I was a bit wary when I received Judah's Lion. Its title and that of many of its poems made clear to me that we were going to be talking about The Almighty, and not in a sort of New Age everything-is-divine kind of way; I’m talking about Old Testament smiting and personal conversations. As a member of the liberal elite who often chuckles evilly as she writes, I had a hard time getting into it at first. Cruddy, I thought, throwing it down. I’ve wasted a good poetry pick on a nurse who writes about Jesus.
The second time I picked it up, I read it straight through and loved it. This change of heart of manifested as an activation of latent Catholicism. No, I haven’t forgotten what il papa said about contraception. I’m referring to a visceral appreciation of spectacle, and more specifically, carnage.
University of Alaska Anchorage professor Anne Caston is, at best, ambivalent toward G-d, despite biblical allusions a-plenty (don’t worry, there are endnotes). He is depicted alternately as Craftsman, Potter, and One-Who-Has-Torn-and-Departed. Caston’s characters are angry, half-formed, and ill, but He doesn’t stick around to fix what invariably breaks once creation has been set in motion. Her poetry, written in deceptively simple language, captures particularly well the disgusting beauty of hospital work, of the futile attempts to give a moment of happiness to those whose lives are on the verge of snapping.

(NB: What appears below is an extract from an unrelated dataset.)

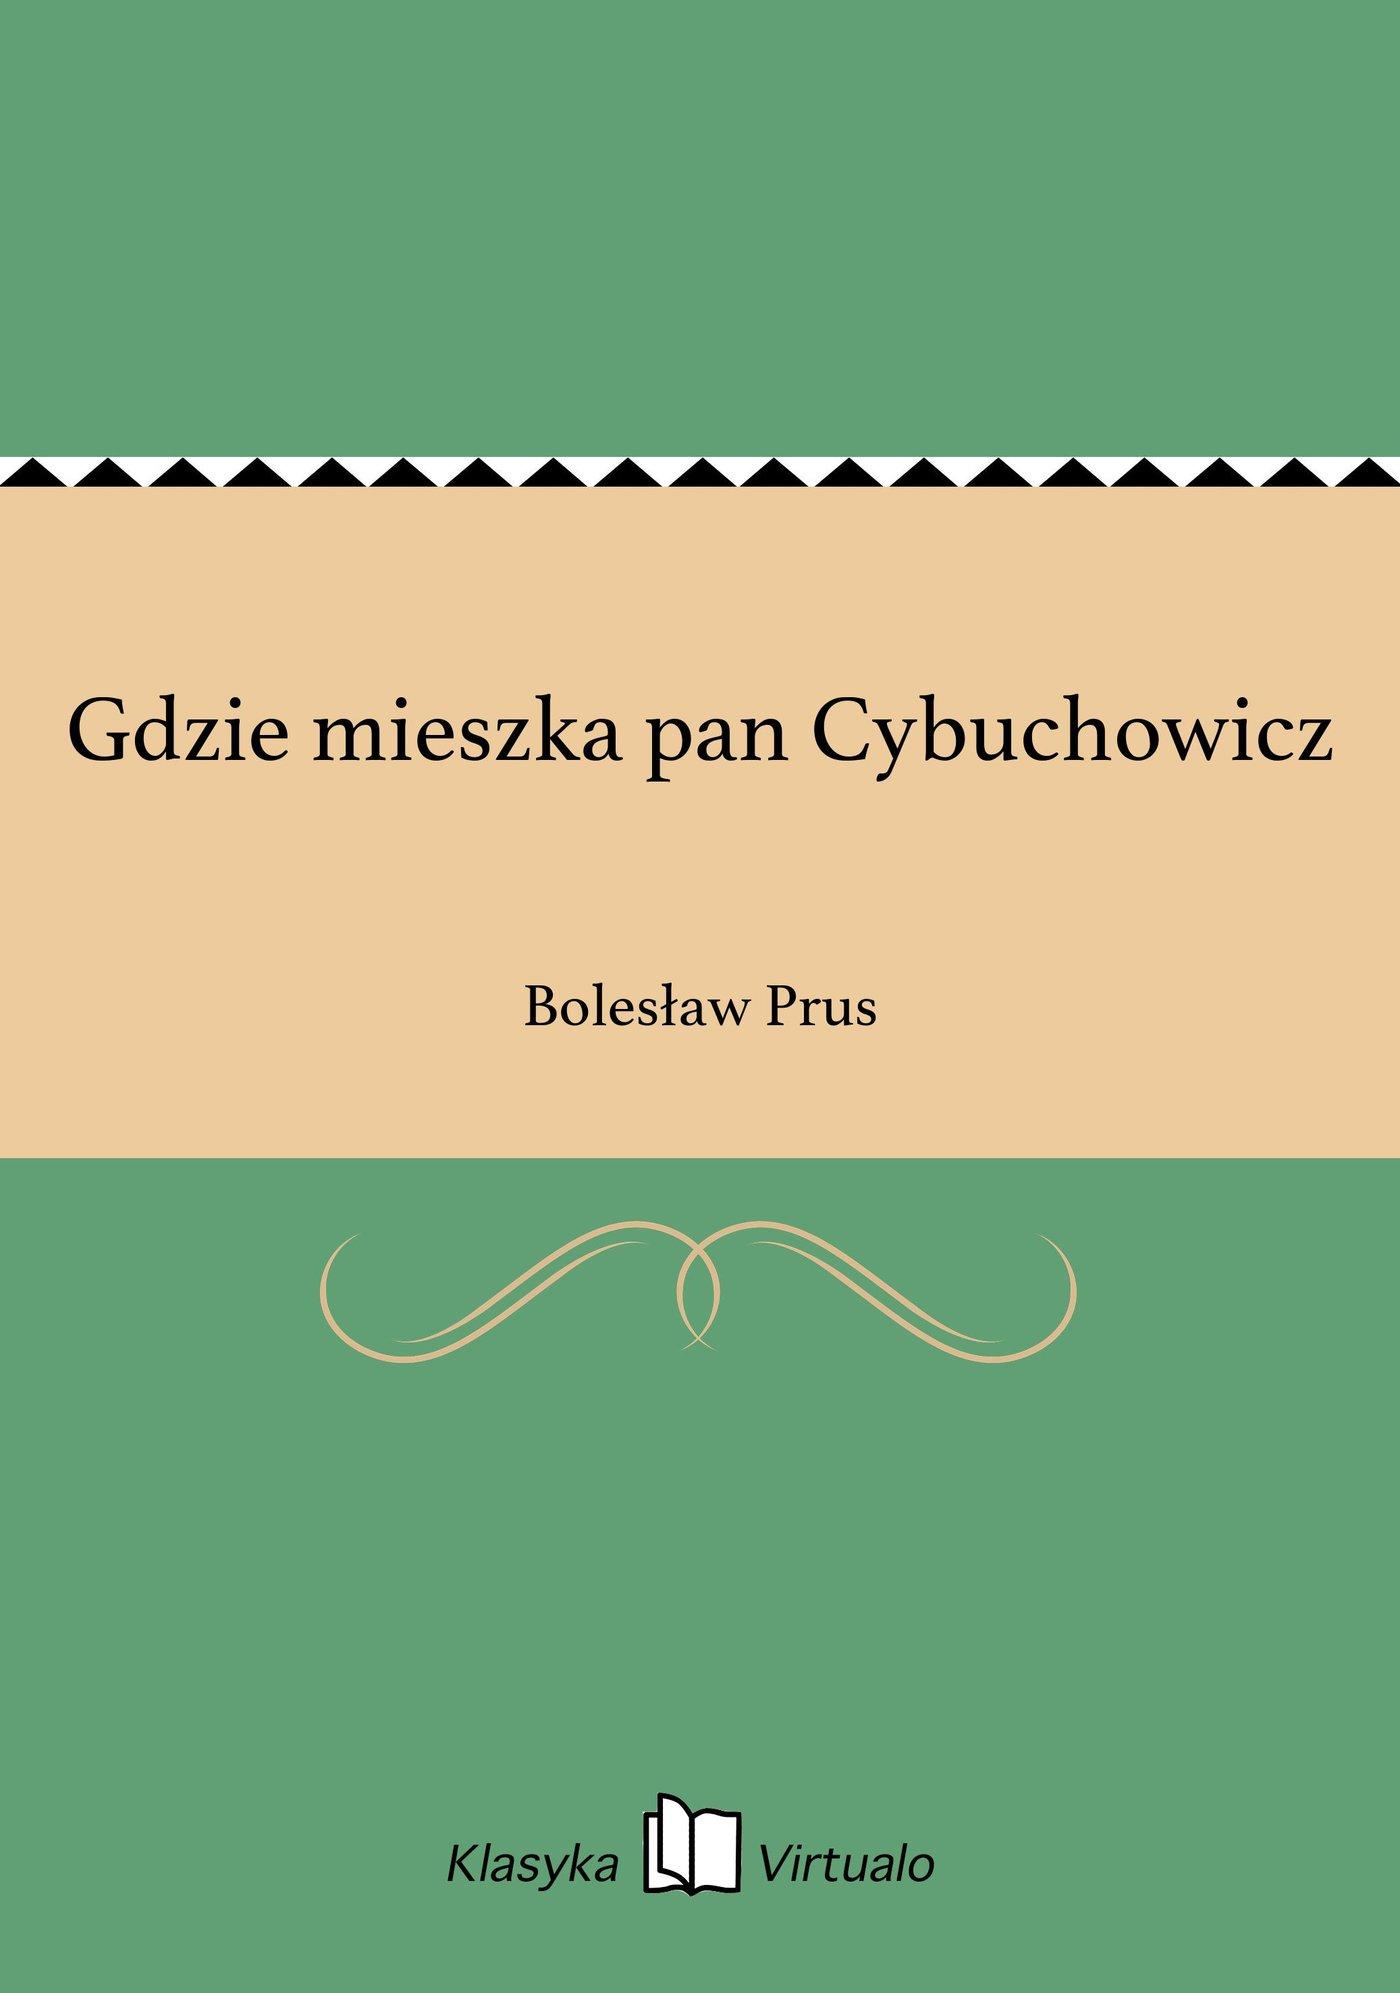 Gdzie mieszka pan Cybuchowicz - Ebook (Książka EPUB) do pobrania w formacie EPUB

She opens with a poem called “What Seems To Be” and questions her authority as observer and writer throughout the text. How dare she claim and record experiences that also belong to others? The first section, “Judah’s Lion,” focuses on a son who shares his mother’s madness and her gift for poetry, despite his literal bent. The City of God, he claims, is near Stone Mountain, Georgia. “The Story I Sometimes Tell Myself” is a personal mythology; its poems follow the growing-up of a woman and two doomed marriages: one wherein she loves something that will destroy itself and another that she loves after it is gone. The final section, “The Gathering House,” is a house of death: manifold, gruesome, heartbreaking.
The combined force is that of a life where suffering is without end, yet this is not a sad book. In the end it is, I think, a book about love. Her “Last Psalm” celebrates “what I have loved in this life/ the blossoming branch and the locust horde/ the beauty each is, and the terror.”